This film is needed as public education. If only the main networks could broadcast it at a peak time. It would help dispel some myths about migrants and asylum seekers:
- The human traffickers are the main reason for the human tragedy of forced migration (in fact it is the tyrannical regimes they are escaping from and the failure of our governments to welcome them)
- It is too easy for asylum seekers to get in (actually governments making asylum application incredibly complex).
- The governments in the countries where they arrive treat refugees to nice hotels and look after them well with money, jobs and accommodation (in practice official inquiries often denounce how awful the reception is and highlight the toll in mental health and suicides)
- Once they achieve some sort of asylum status they can relax and enjoy life (refugees often have difficulty finding work they are qualified for and suffer acute mental health issues for many years)

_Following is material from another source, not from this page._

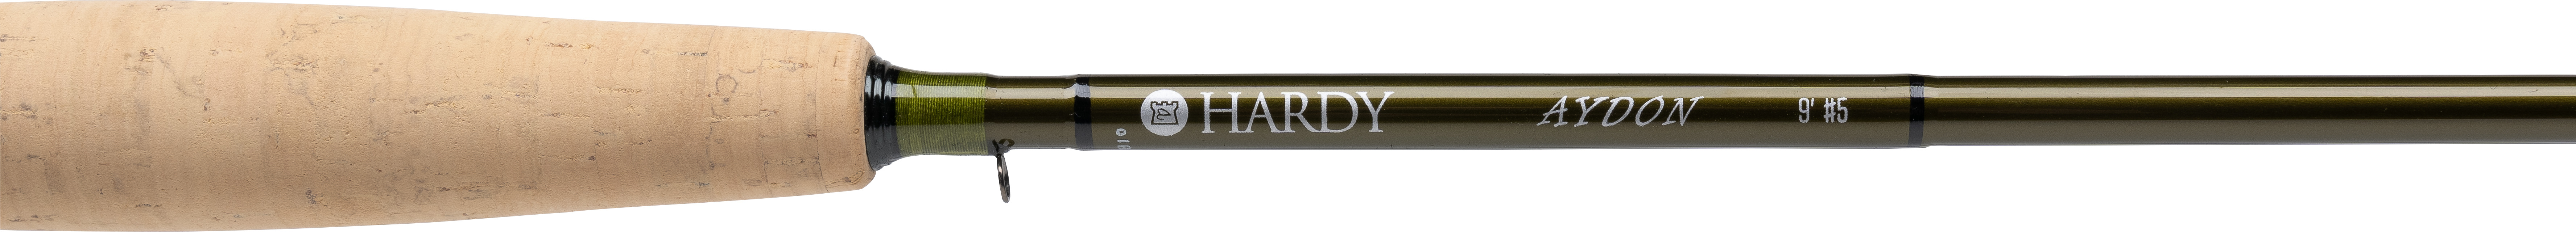 Hardy Aydon Fly Rod - Tacklestream

The film tells the story of Amin, an Afghan whose family has to flee the country after the first victory of the Taliban against the Russian backed regime. It shows the harassment they suffer at the hands of corrupt and violent Russian police and the desperate poverty of Moscow after 1989. We see the horrific conditions in the leaky ships and containers that these people are crammed into. Amin sees refugees die in transit and the mental and physical health of his family suffer.

What is interesting in the original form in which the film tells Amin’s story. It is an animated cartoon but it uses the recorded words of Amin spoken by an actor. Every so often we see actual newsreel of Kabul or Denmark or of Amin and his friends. The soundtrack is brilliant too in conveying both hope and terror. Often the animation conveys the brutality much more pungently than the news reel footage. It is just like how artists can sometimes communicate more in their artwork than a straightforward photo. Animation has a rough directness that can be very effective in communicating emotion.
The plot works through an almost therapeutic conversation between Amin and his friend from school Ramussen, who is now a film maker. In the film he opens up about some issues he has not been able to deal with until now. All these stylistic combinations could have been a mess but it works seamlessly. It is up for awards in both the animated and documentary sections of the Oscars!
Flee could have been a worthy film just focussing on the trials and tribulations of the refugees and the callousness of western governments. It does much more than that because Amin reveals a moving personal story. We find out he is gay and that he first began to think so when he was a teenager and had a crush on Jean Claude Van Damme, the all action movie star. Being gay in Afghanistan is very difficult – Amin says that there is not really even a word for it.
The incredible solidarity and sacrifice of family members is very moving. Amin’s brother scraps and skimps doing unskilled work in Sweden in order to get the money together to get the other family members out of Russia. Probably this is the experience of many refugee and migrant families.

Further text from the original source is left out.